ACTIVITY>
Make an exact copy of the data below, leaving out every picture.
*** Opening of AVAILABLE DATA ***
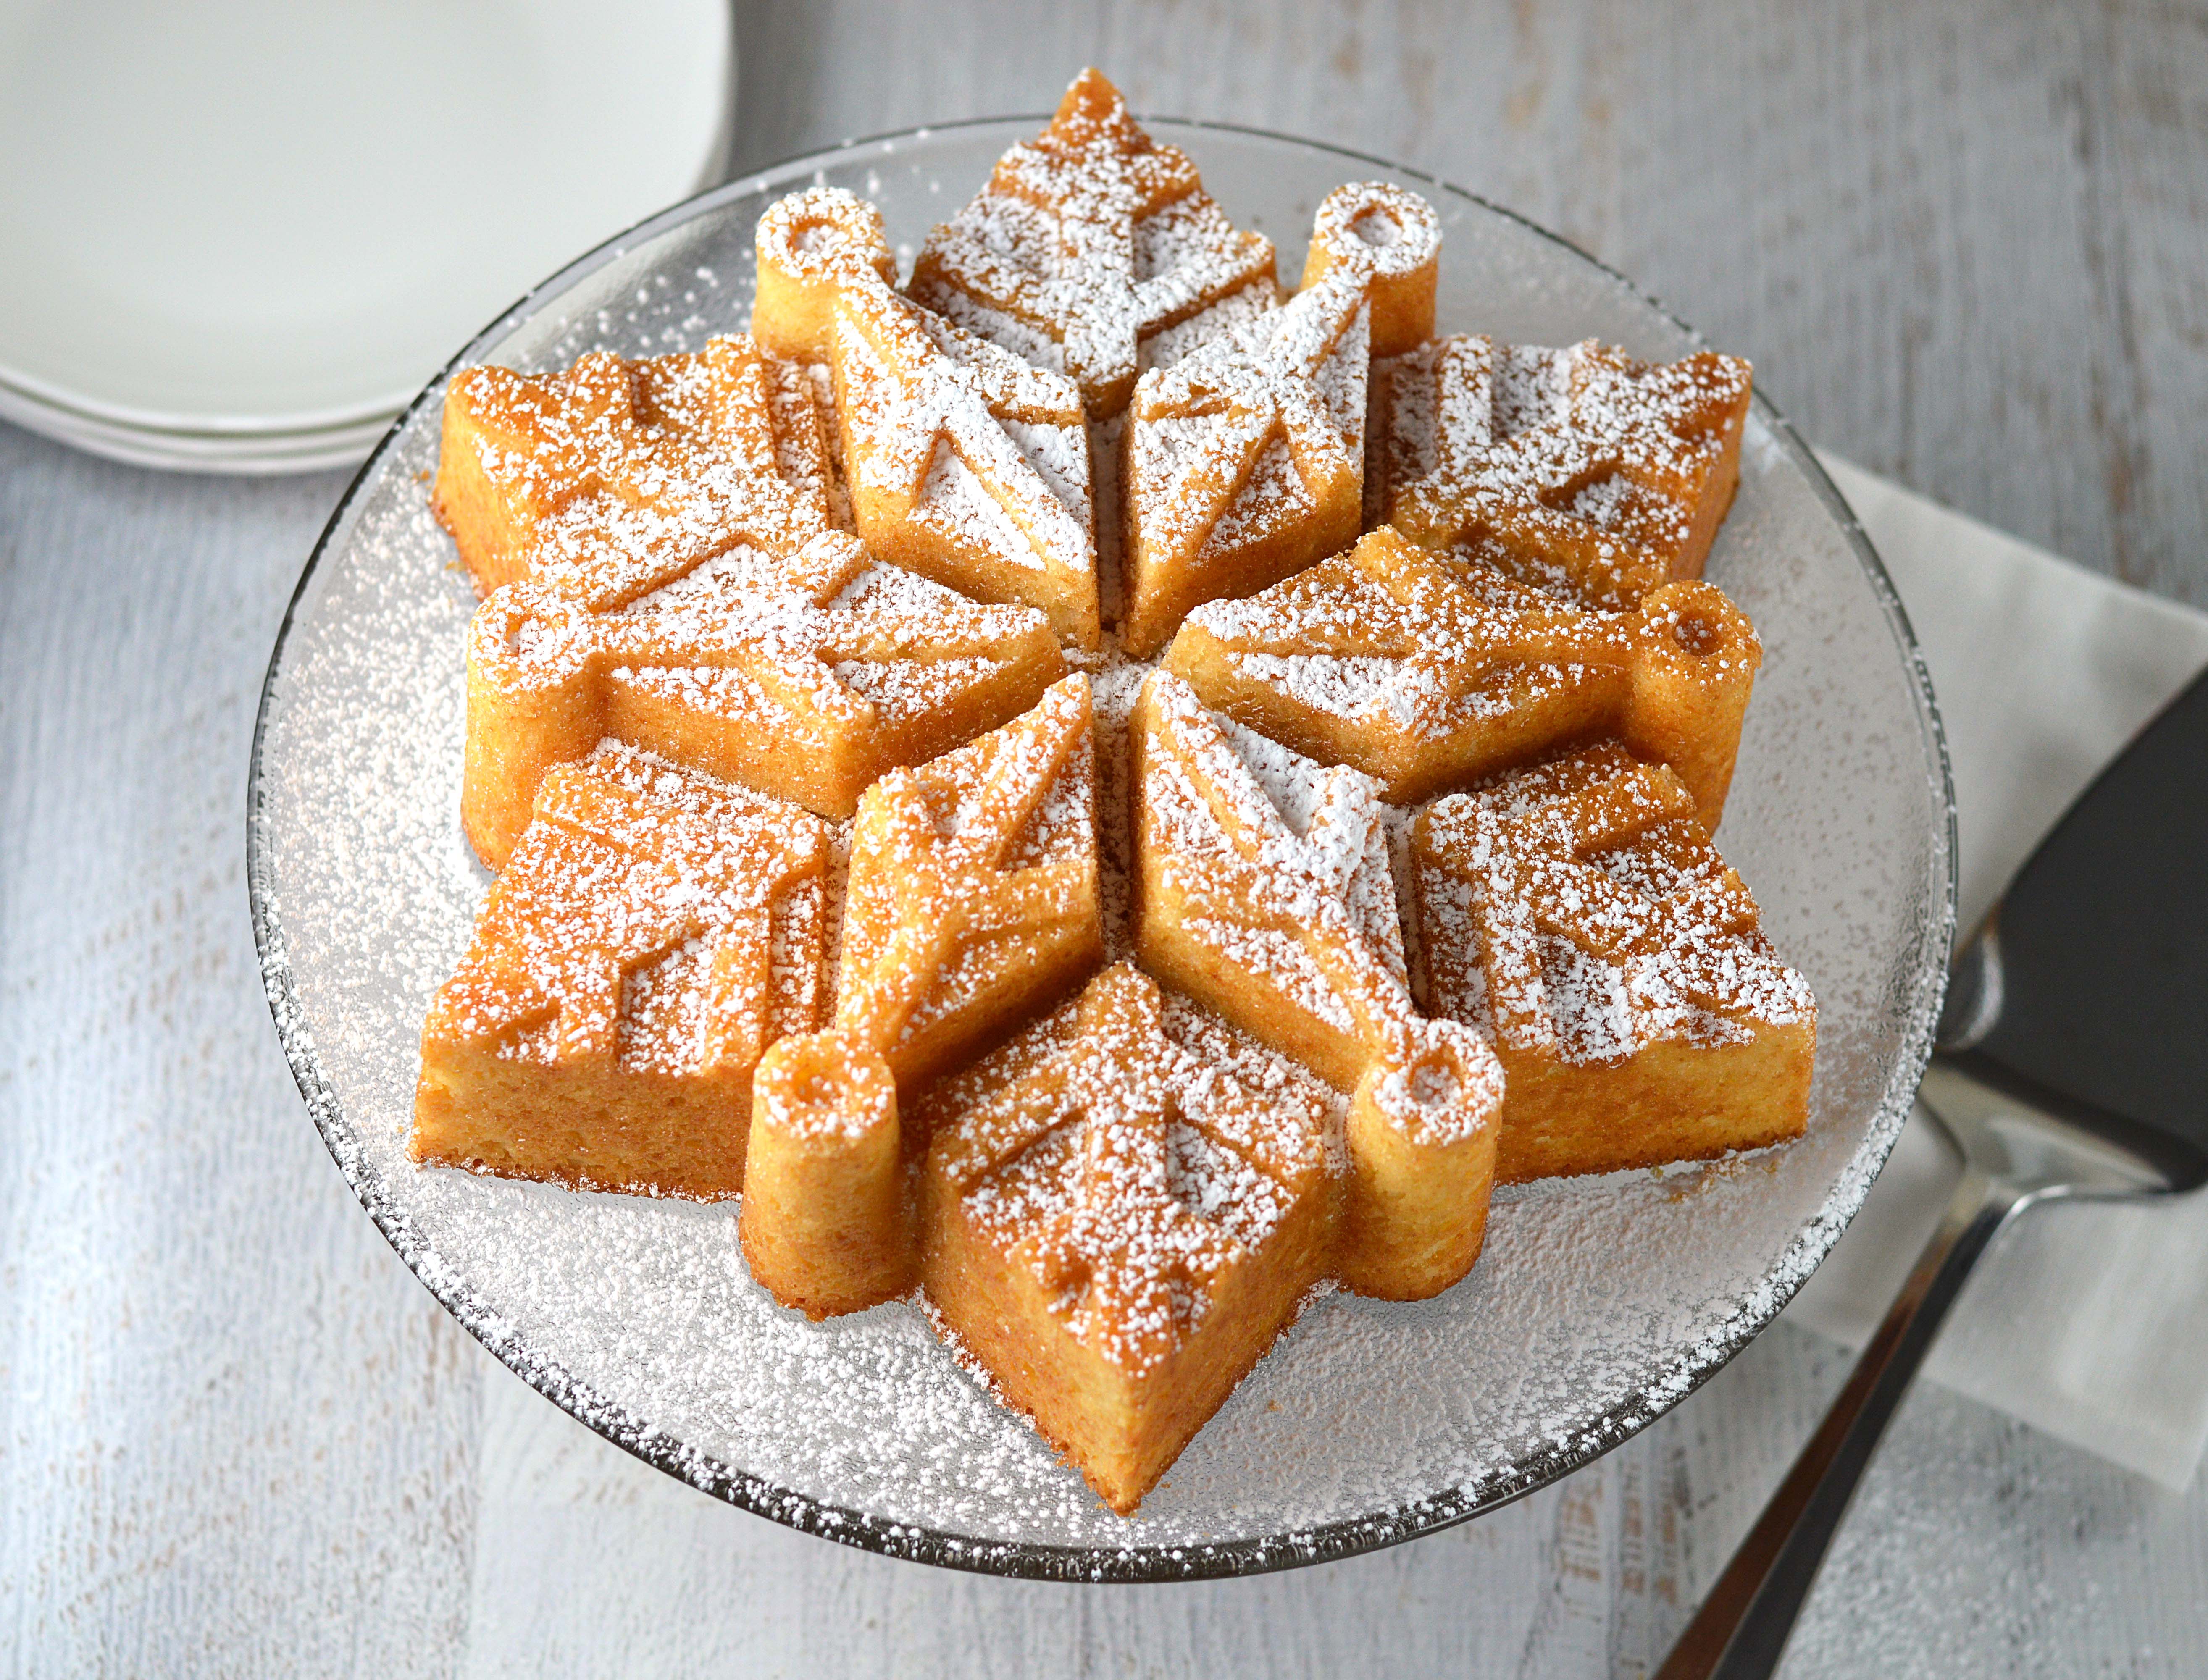 http://www.fridaycakenight.com/wp-content/uploads/2015/01/Almond-snowflake-cake1.jpg
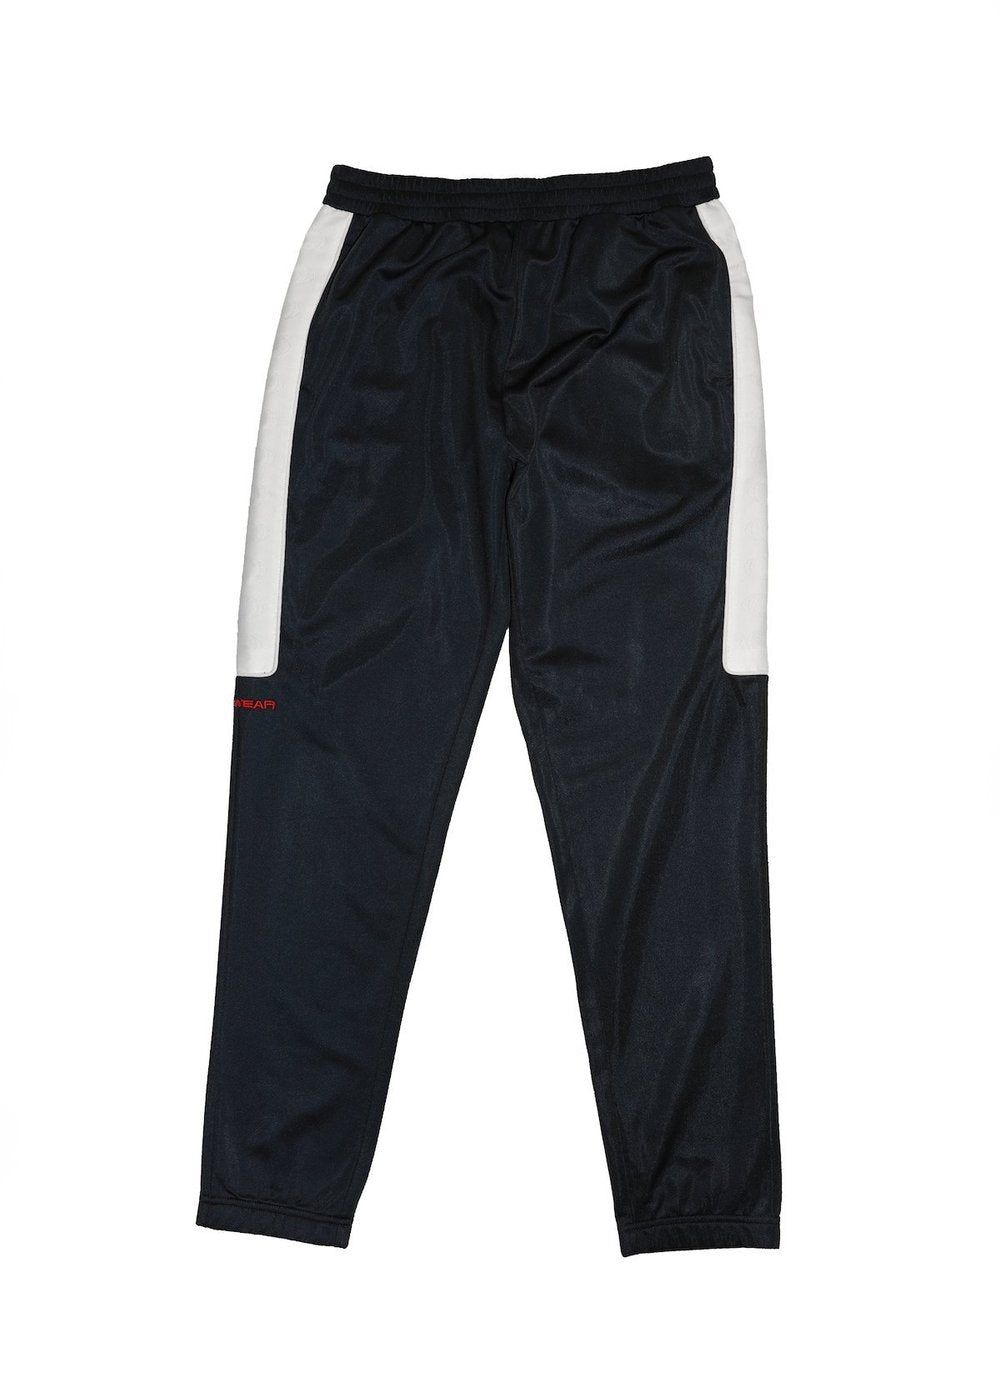 Wu Wear - Re United Men's Track Pants, Navy/White
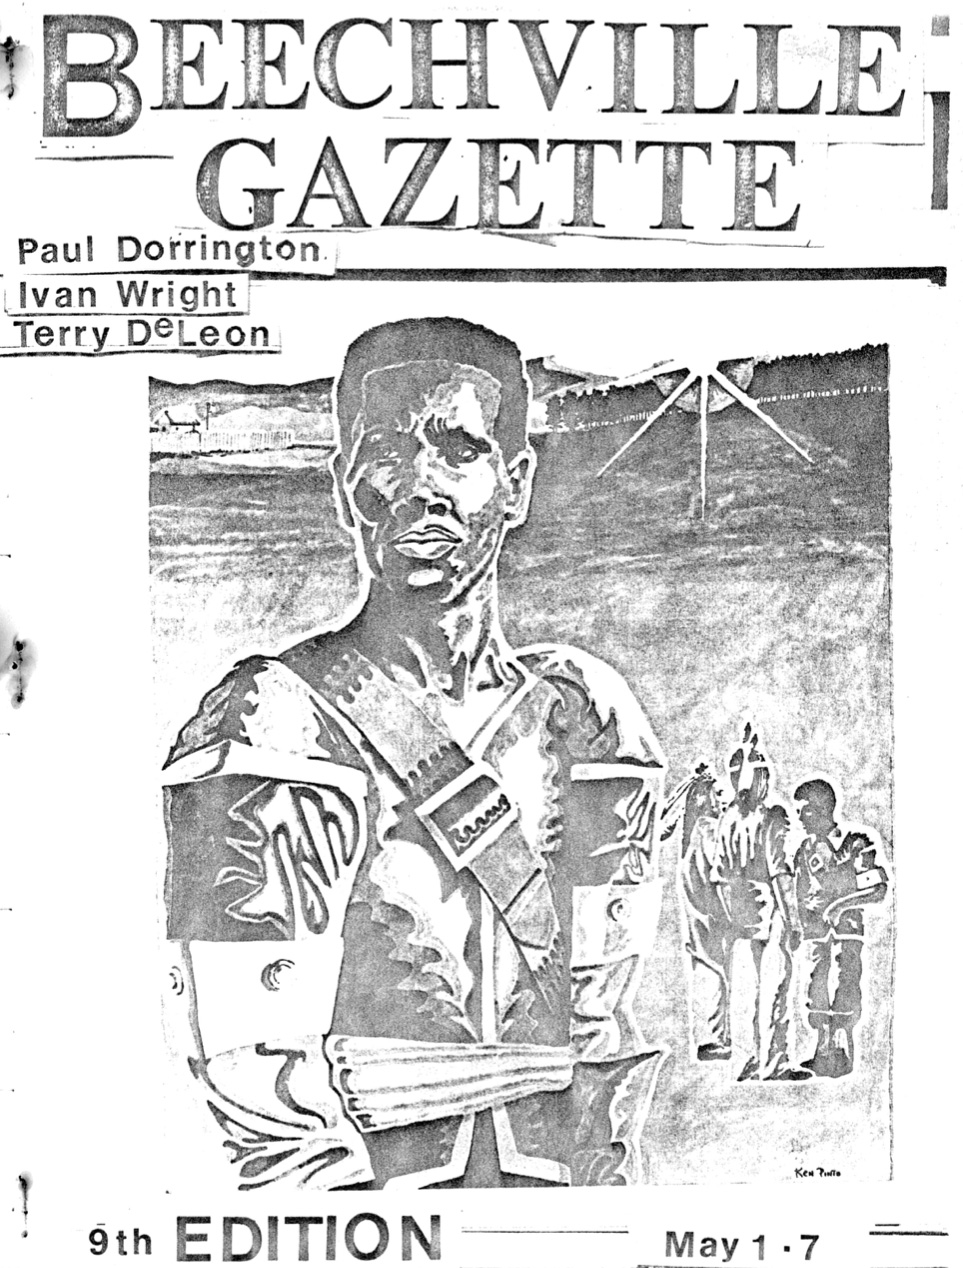 african-heritage : Beechville Gazette
*** Close of AVAILABLE DATA ***
RESPONSE BOX>
 http://www.fridaycakenight.com/wp-content/uploads/2015/01/Almond-snowflake-cake1.jpg
 Wu Wear - Re United Men's Track Pants, Navy/White
 african-heritage : Beechville Gazette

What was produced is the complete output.